The Queensland Government has decided to maintain character zoning regulations aimed at protecting the distinctive “Queenslander” style homes, despite recommendations for reform from the Queensland Productivity Commission. On January 21, 2026, the state government announced that it would not implement changes proposed in a major report that included 64 recommendations aimed at overhauling planning regulations.
The Liberal National Party (LNP) rejected the commission’s suggestion to scrap character zoning, which critics argue adds unnecessary red tape. The government stated that the preservation of Queenslander homes is crucial to maintaining the state’s architectural heritage. According to the LNP, abolishing these regulations would contradict their commitment to empowering local governments in planning decisions.
The review by the Queensland Productivity Commission was initiated to tackle issues of housing affordability and productivity in the construction sector. An interim report last year indicated that the construction industry had struggled to keep up with demand, which has more than doubled since December 2020. Productivity in the sector has declined by 9 percent since 2018, equivalent to a shortfall of approximately 77,000 homes needed to address the current housing crisis.
The commission’s final report, spanning 458 pages, attributed the productivity decline to an increasing regulatory burden on land use, building, and labor. Regulations can add up to $160,000 to the cost of building a detached house on the outskirts of Brisbane, significantly impacting housing prices. The commission proposed that reforms in the planning system could potentially reduce home price growth by as much as 64 percent.
In its recommendations, the commission urged the introduction of state-managed flood and bushfire overlays and suggested that blanket character zoning does little to preserve historical significance. Notably, it highlighted that in the Brisbane City Council area, much of the land within six kilometers of the central business district is effectively zoned for low density. This zoning restricts development in areas with high demand, exacerbating affordability issues.

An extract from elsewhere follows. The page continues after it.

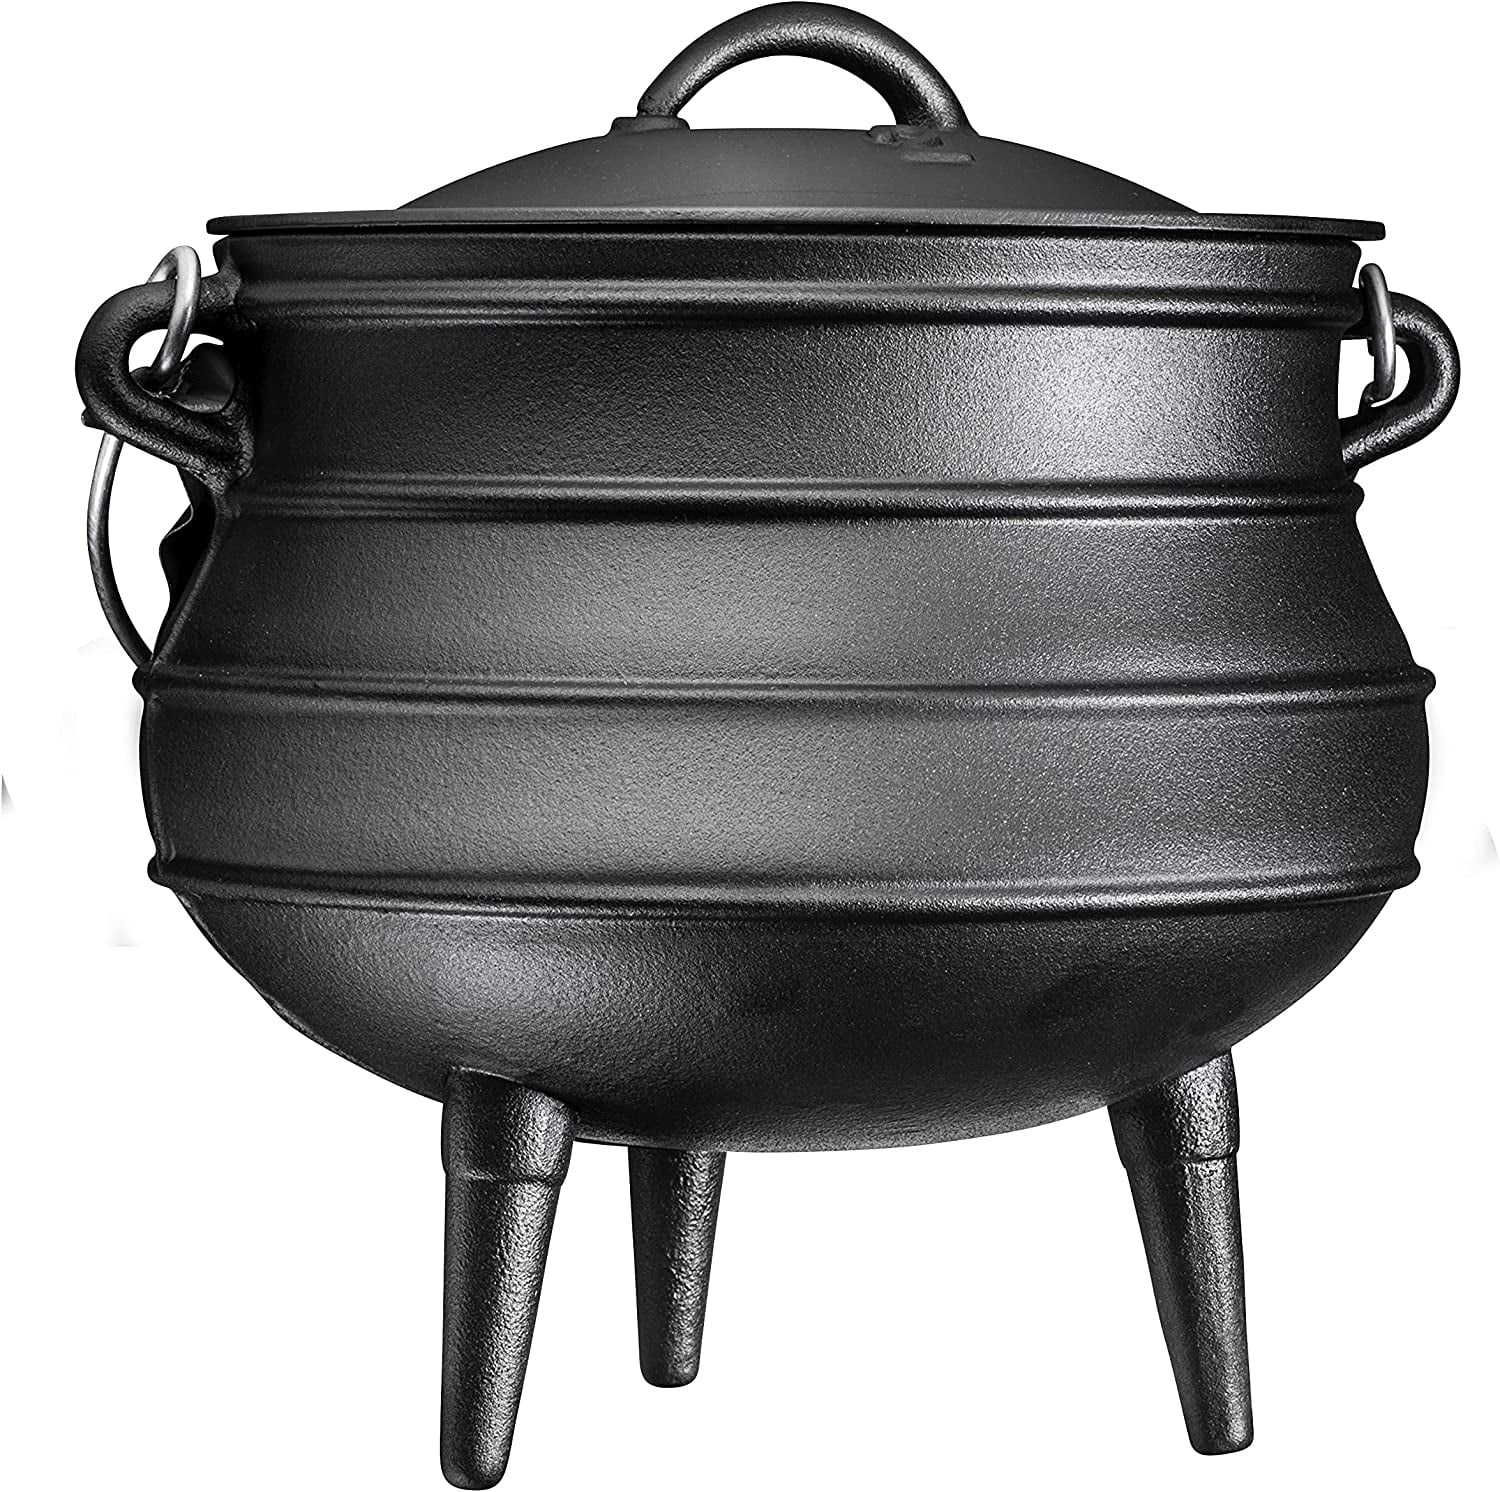 The Shopper-Loved Lodge Cast Iron Grill Pan Is $14 on

The LNP’s position emphasizes that maintaining character zoning is essential to preserving the unique identity of Queensland’s built environment. The government has expressed that removing or diluting these regulations could undermine long-standing planning principles.

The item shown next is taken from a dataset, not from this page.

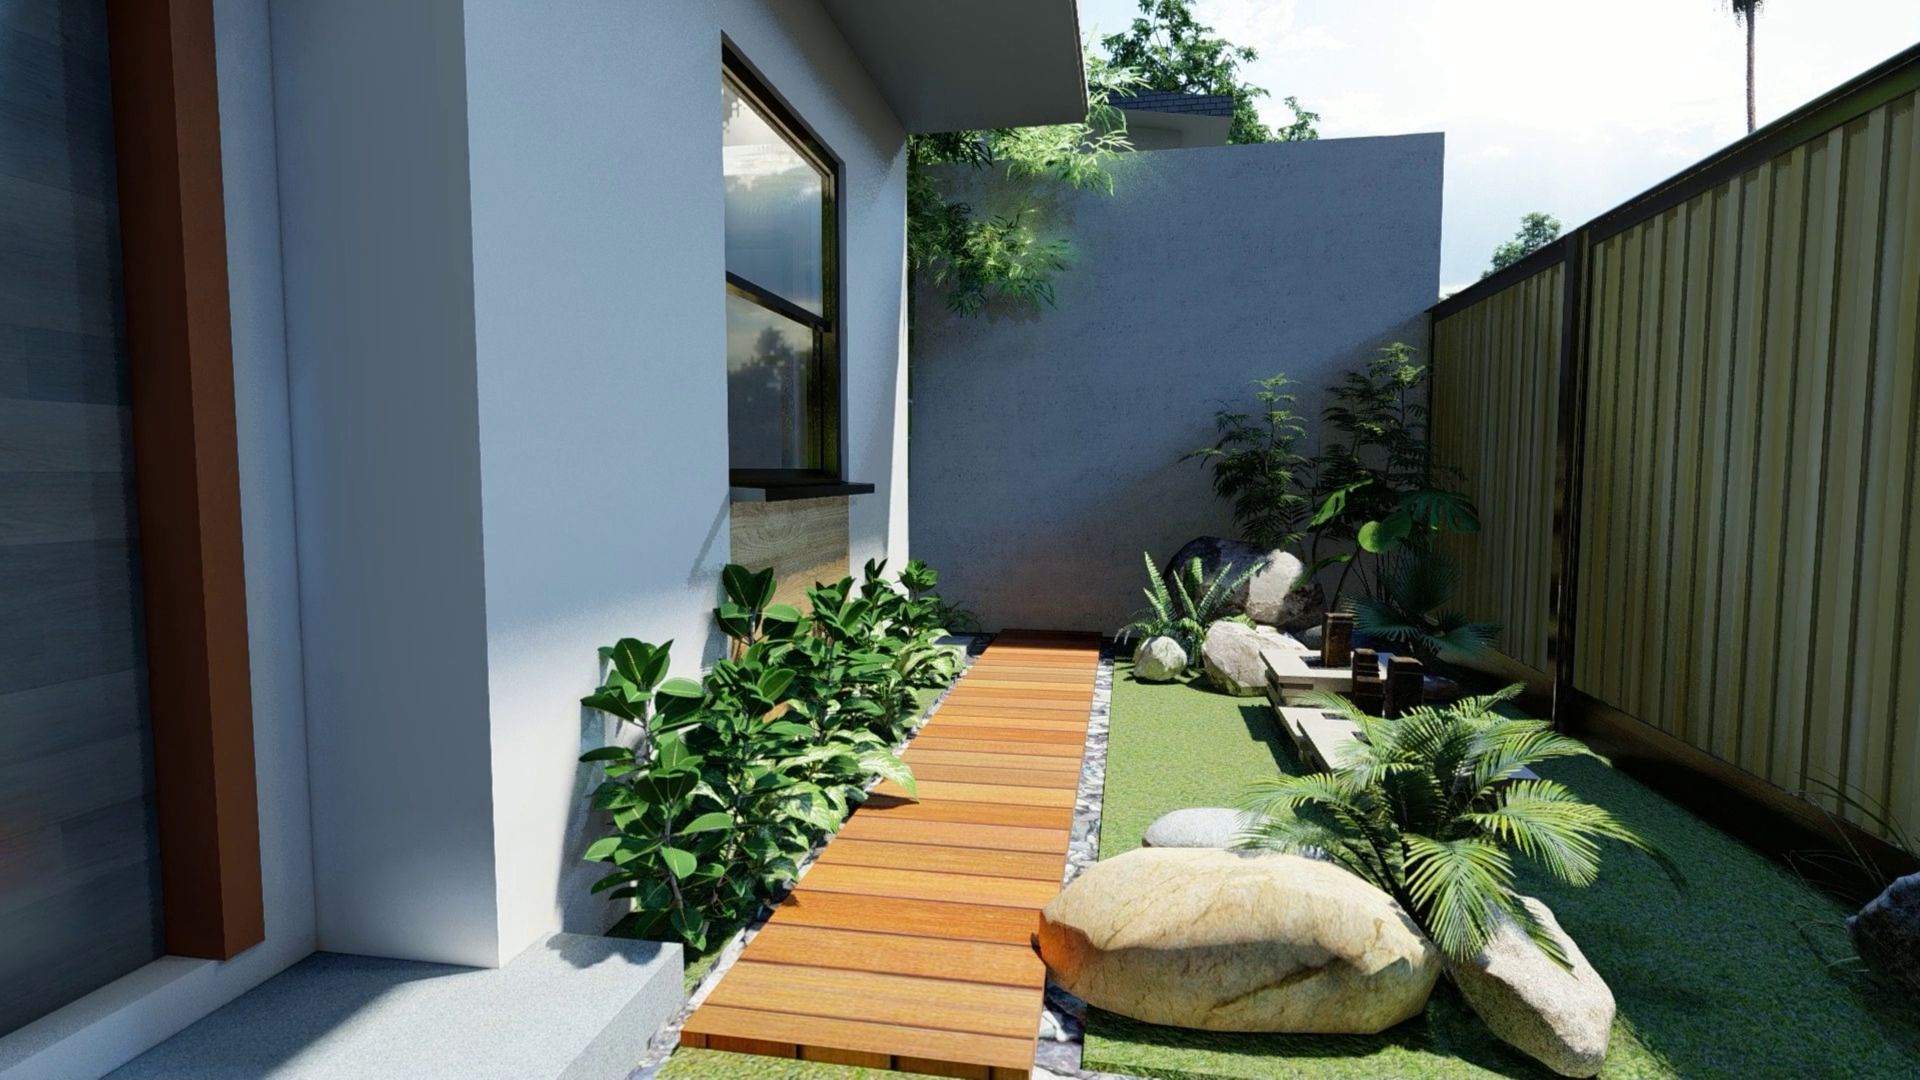 The Significant Reasons For Landscape Designs Are Important - John Ambridge | Tealfeed

Despite rejecting the recommendation on character zoning, the government has indicated support for 51 recommendations made by the commission, including the removal of the so-called “CFMEU tax” aimed at improving productivity. Treasurer David Janetzki acknowledged the significant productivity challenges faced by the state but highlighted ongoing reforms intended to enhance construction efficiency. He noted that previous regulations, such as Labor’s Best Practice Industry Conditions, were detrimental to productivity, projecting a cost of $20.6 billion over the next five years if left unchanged.
The government also dismissed proposals for a planning system similar to New Zealand’s, which relies on evidence-based planning through independent expert panels. The commission had suggested establishing citizen panels to allow local homeowners to request increased density in their areas, a proposal that the LNP chose not to pursue. Additionally, the idea of a statewide digital planning portal was also rejected.
In summary, while the Queensland Government has opted to retain character zoning to protect iconic homes, it acknowledges the need for broader reforms in the construction and development sectors to address ongoing challenges in housing supply and affordability.